Work request — Set down the final stretch of the data, from the line that holds "Ladies Van Dal" through the last line, both included, with pictures left out.

Supplied data below:

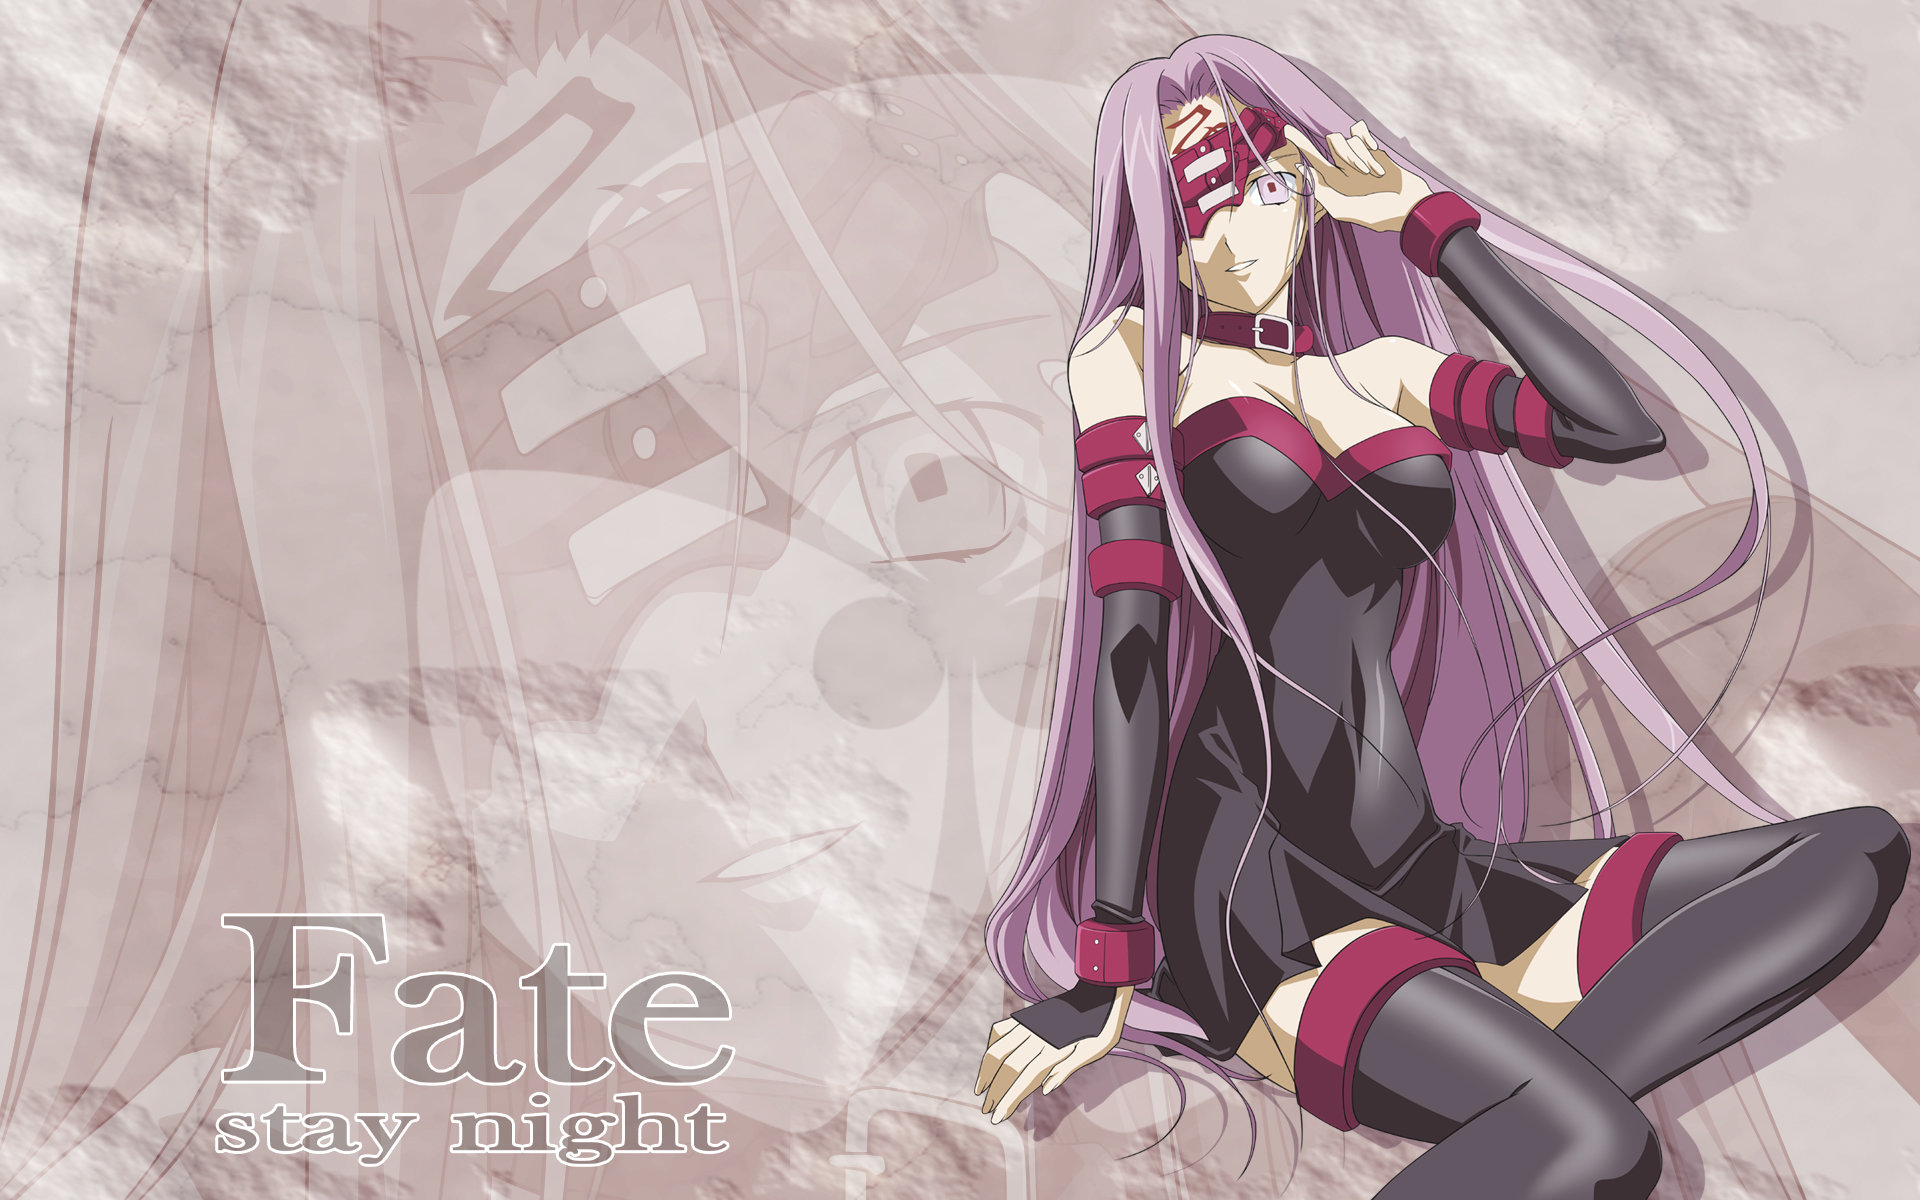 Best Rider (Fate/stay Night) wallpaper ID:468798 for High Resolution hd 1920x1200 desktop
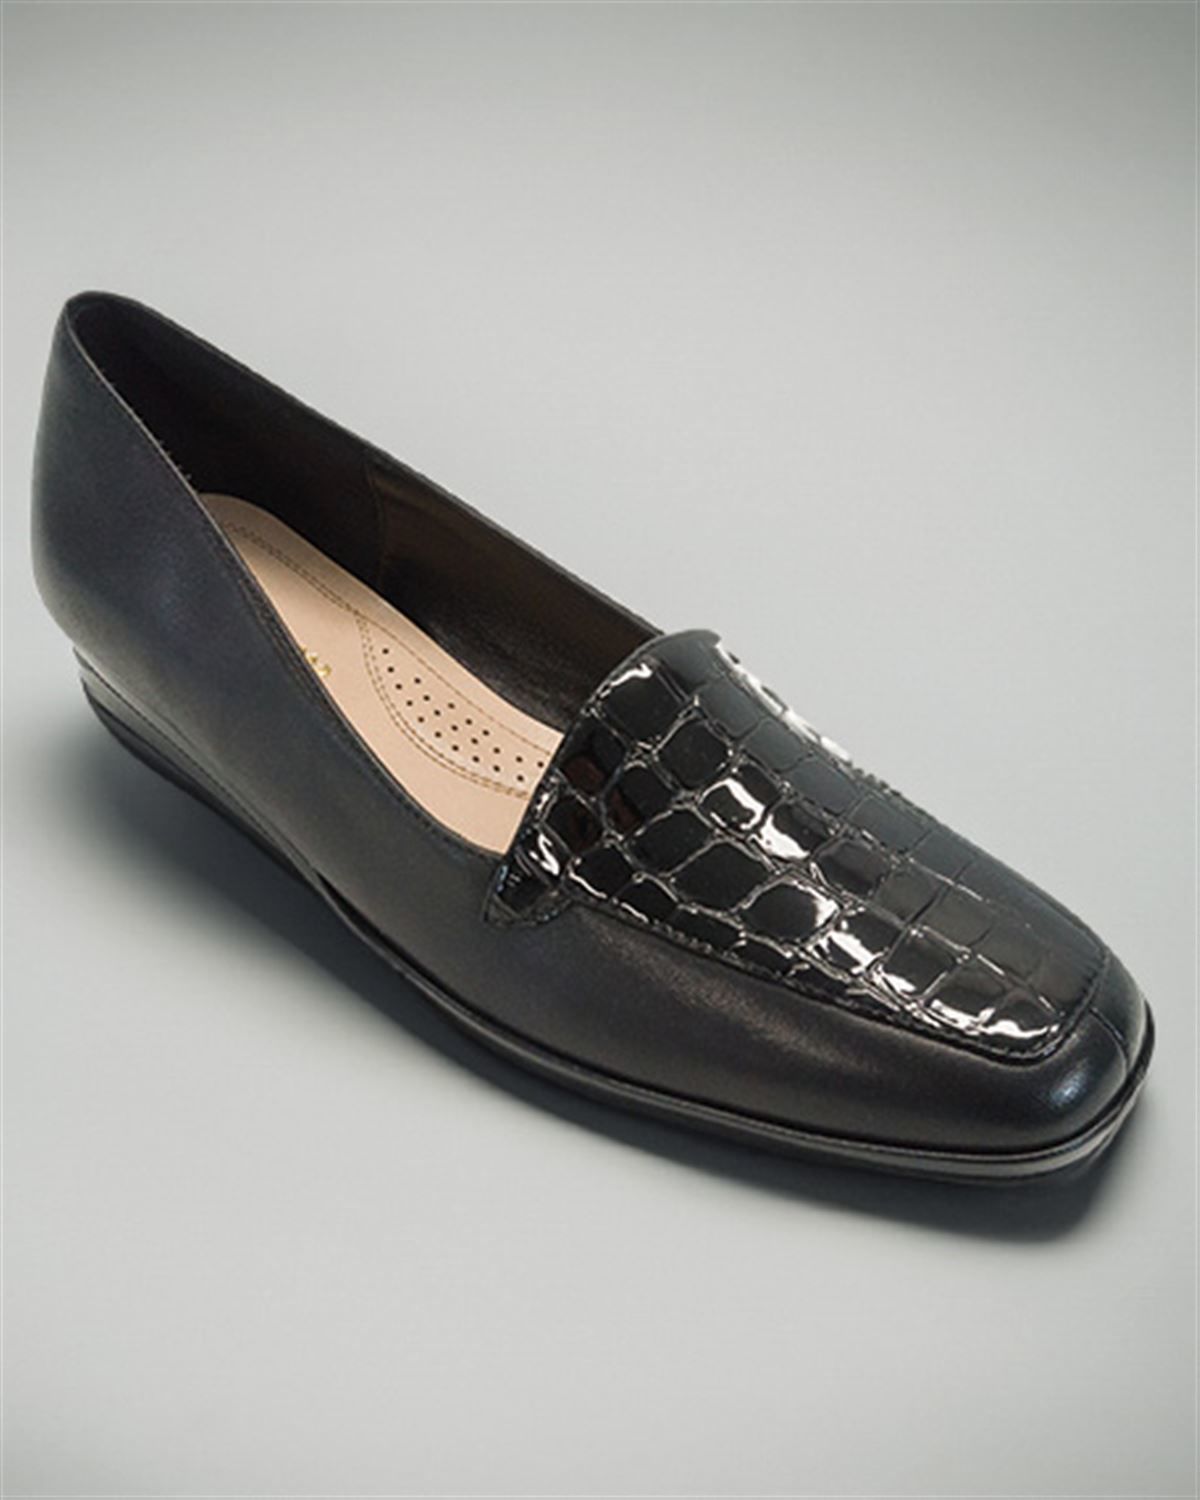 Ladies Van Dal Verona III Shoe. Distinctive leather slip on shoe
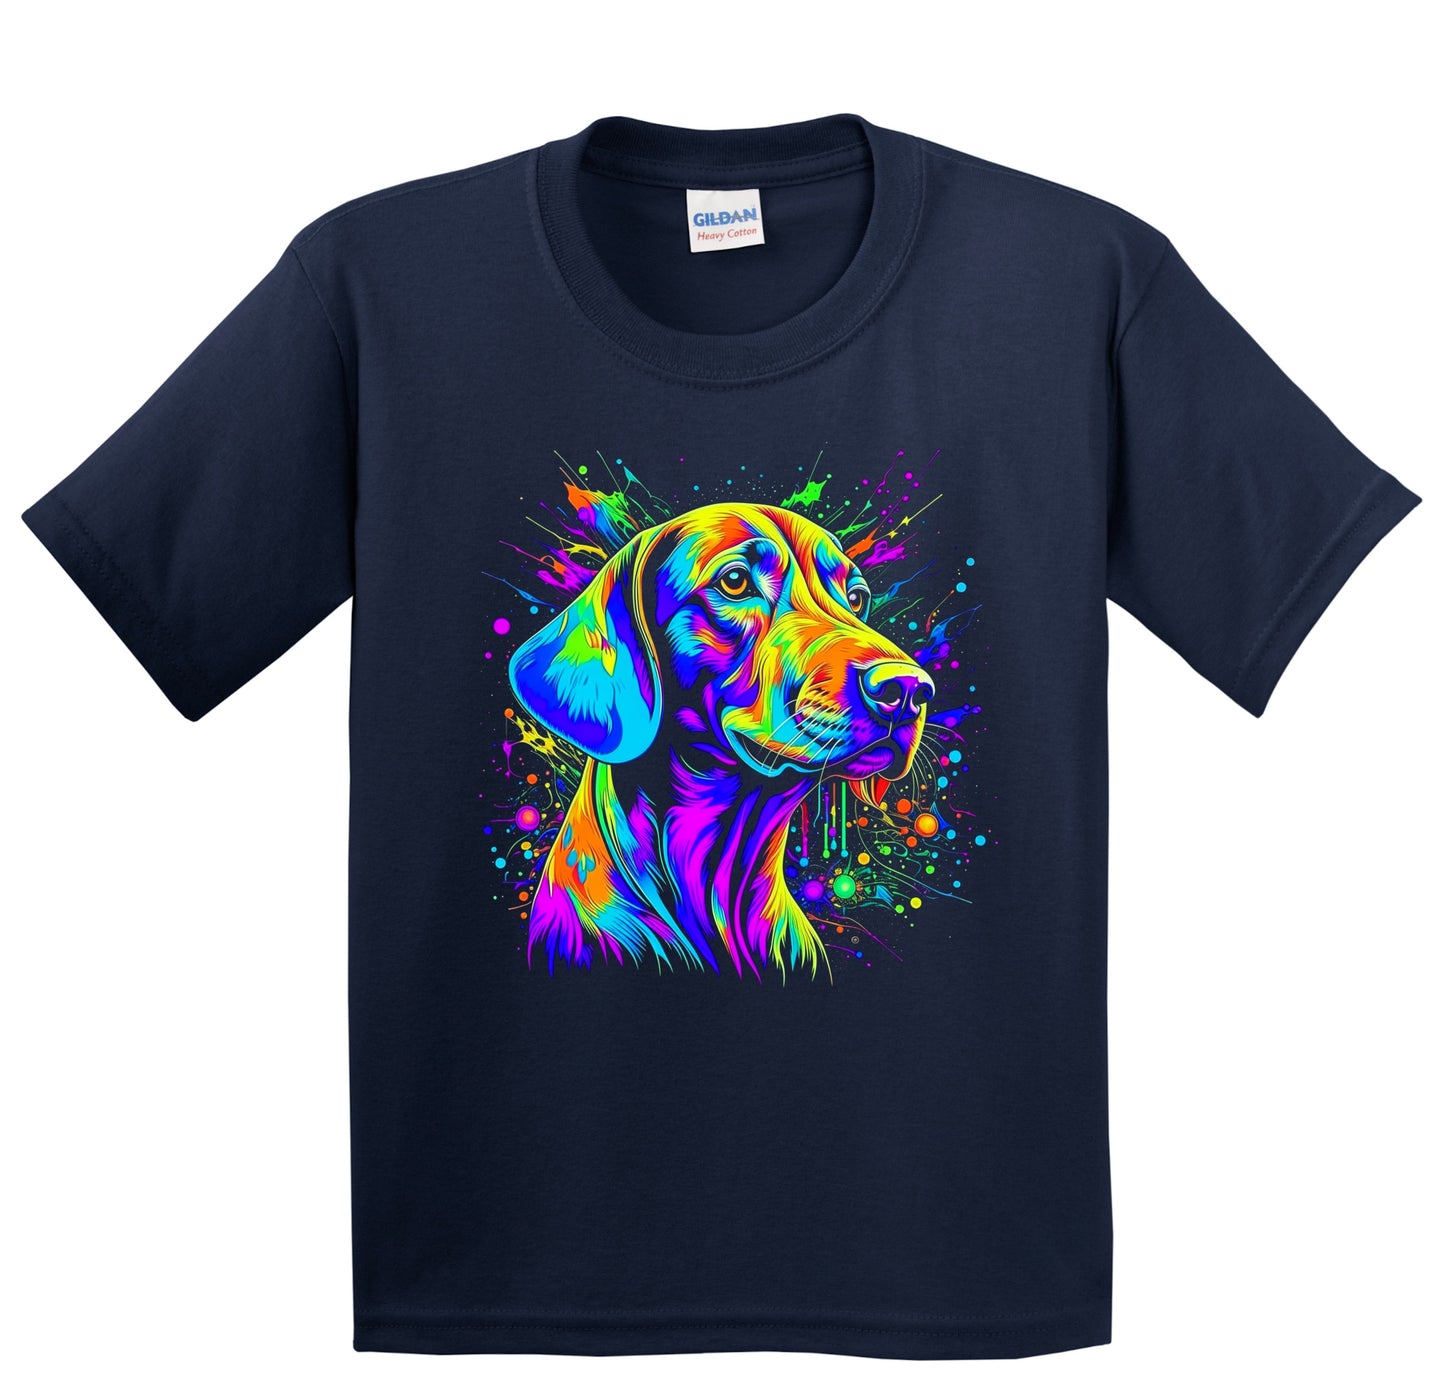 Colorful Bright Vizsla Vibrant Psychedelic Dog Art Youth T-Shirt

End of Supplied data.

Exercise result —
 Ladies Van Dal Verona III Shoe. Distinctive leather slip on shoe
 Colorful Bright Vizsla Vibrant Psychedelic Dog Art Youth T-Shirt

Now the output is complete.